Last week, a spokesman for House Speaker Nancy Pelosi came forward to announce the speaker's perspective on the manifest problems at Walter Reed: "The American people spoke clearly in the November elections that they wanted accountability and oversight. Under the Republican Congress it has been almost nonexistent, and you can certainly see that with what occurred at Walter Reed." No, you cannot see that. Rep. John Tierney, a Massachusetts Democrat, added that "we should have known all this before."

But all this was known before, though not by Reps. Pelosi and Tierney.

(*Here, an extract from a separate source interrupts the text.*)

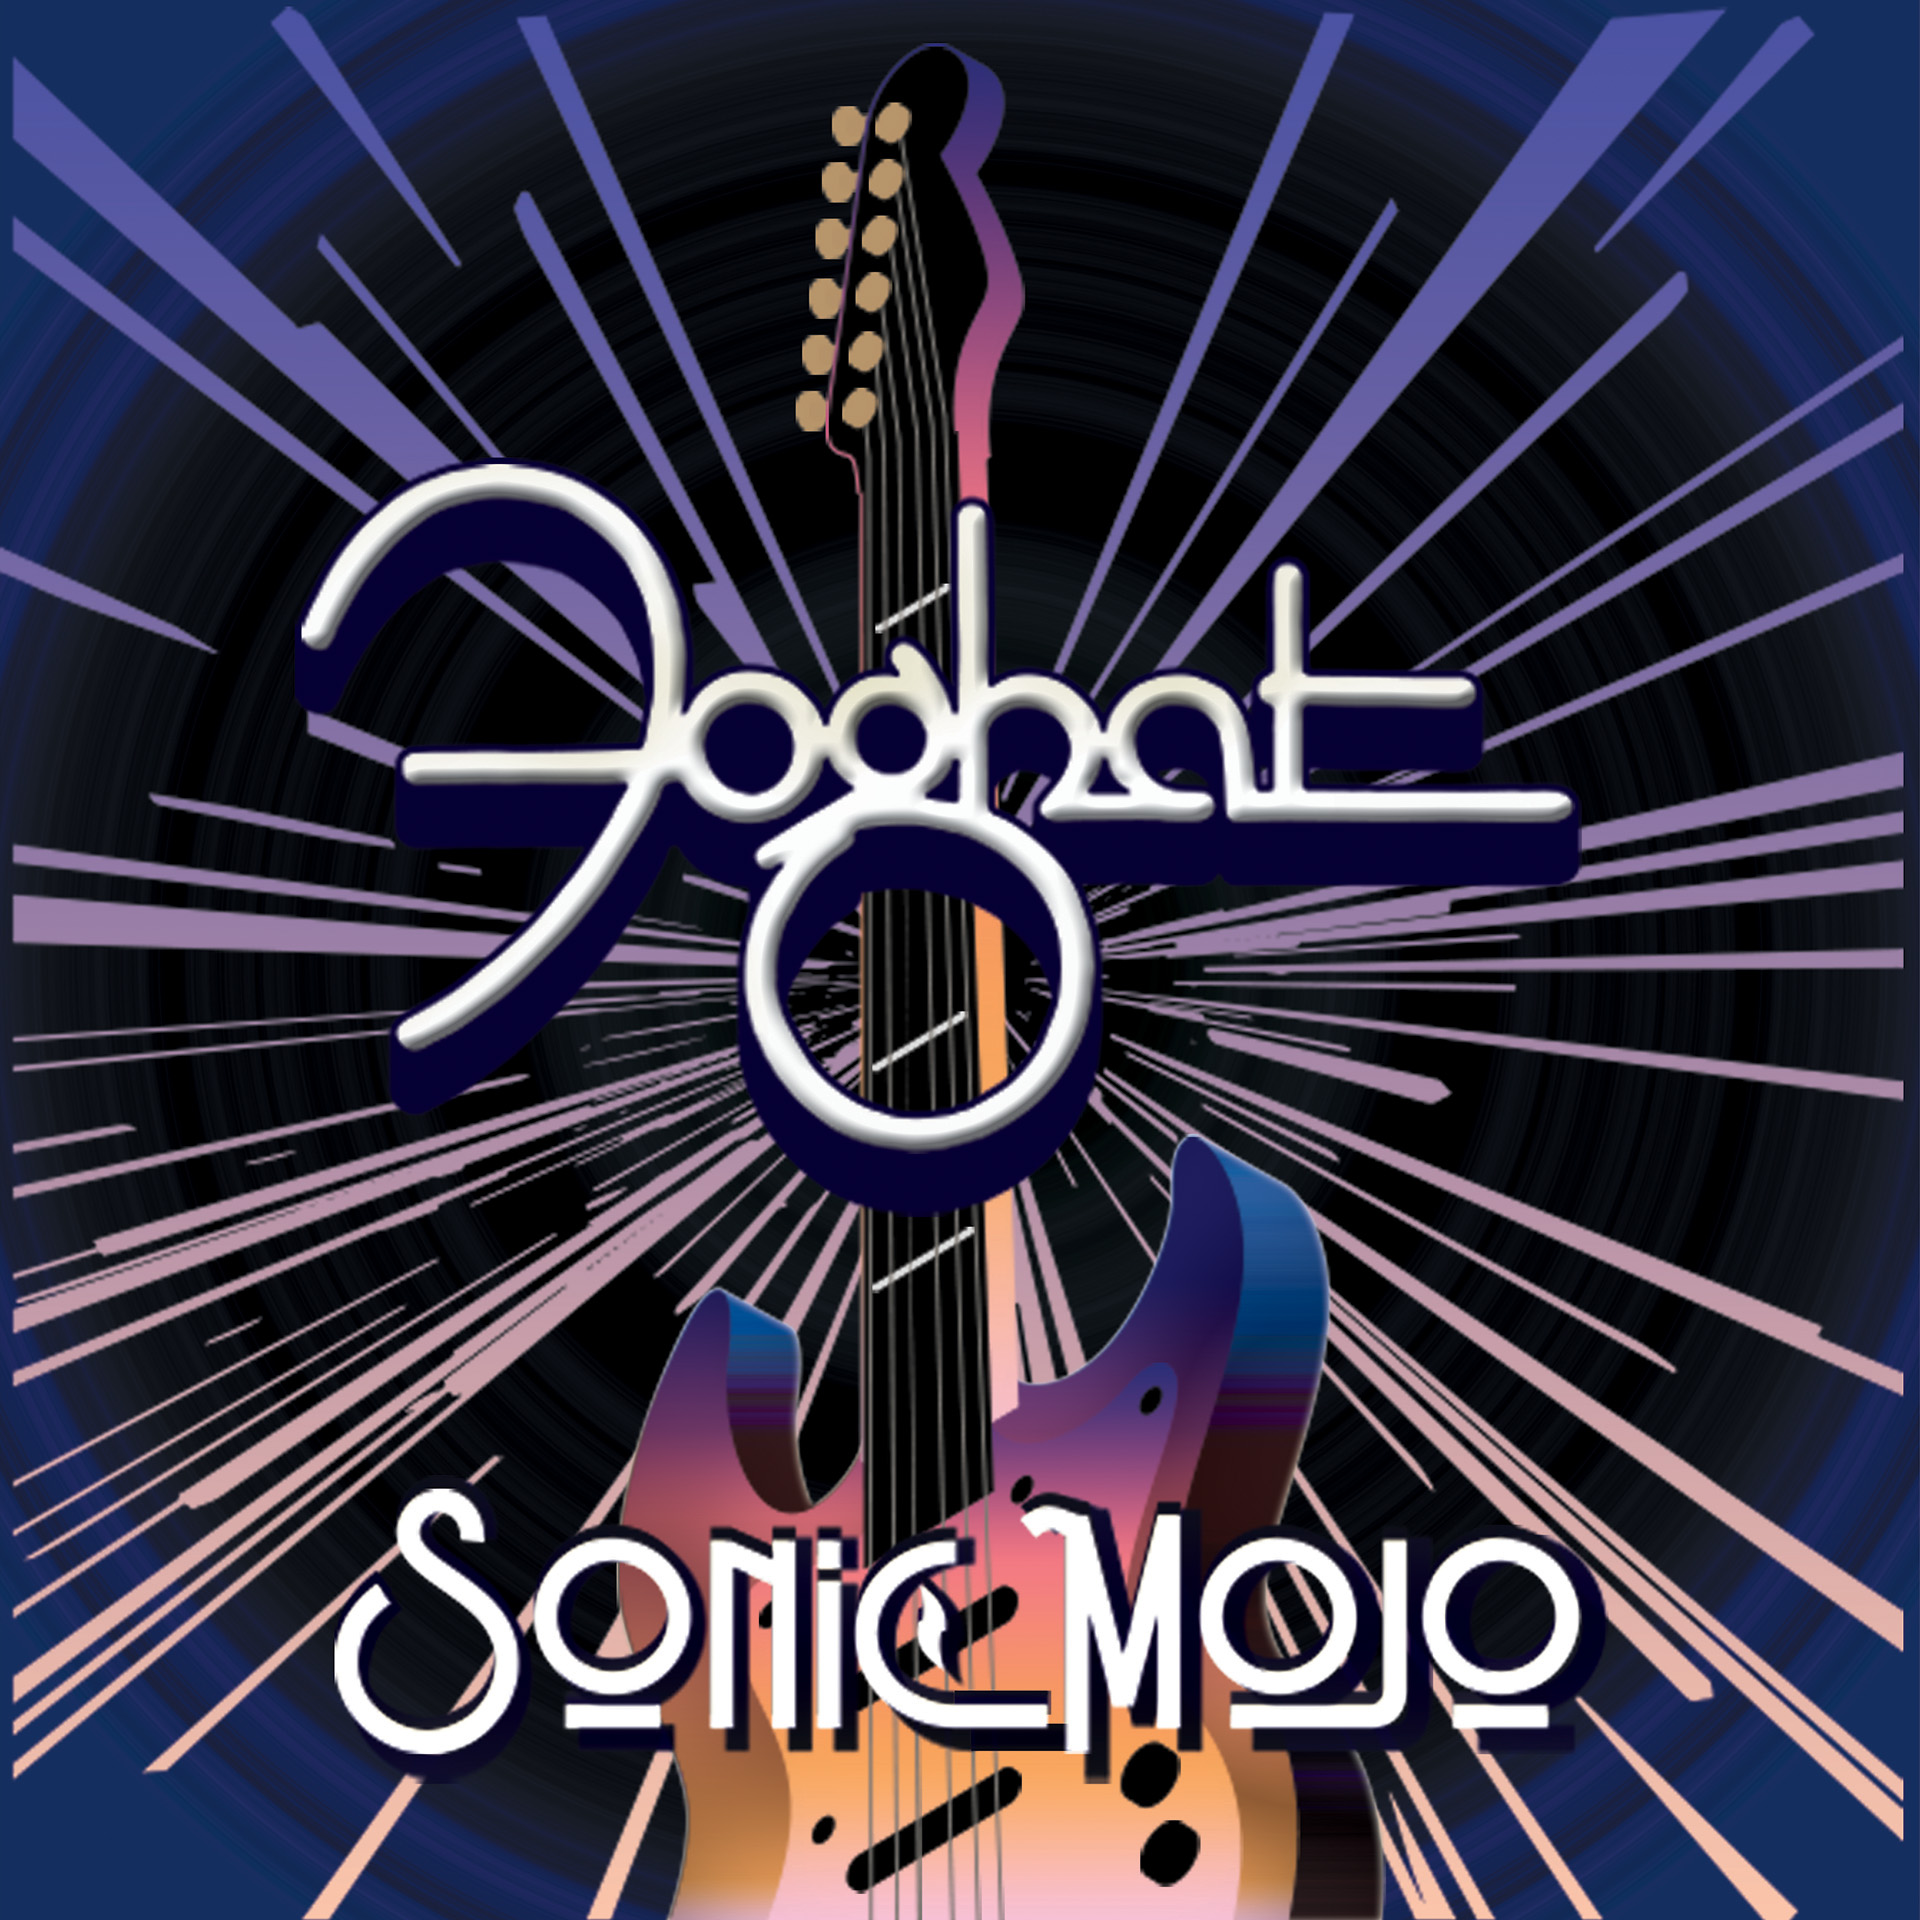 Foghat ‘Sonic Mojo’ Album Artwork

On Feb. 17, 2005--two years ago--GOP Rep. Tom Davis and the government reform committee held a public hearing on the maltreatment of wounded soldiers. The hearing was the culmination of an investigation, begun in 2003, by the committee and the Government Accountability Office. Virtually everything of substance in that Washington Post story was described, in numbing detail, at that hearing two years ago. Two soldiers, Army Sgts. John Allen and Joseph Perez, appeared before the Davis hearing and described their tours through the same hell painted by the Post last month.

Gen. Peter Schoomaker, the Army chief of staff, described the problems at Walter Reed in words that should be inscribed on portals across every bridge leading into Washington: "Life every day in this system is like running in hip boots in a swamp." He called it a "bureaucratic morass."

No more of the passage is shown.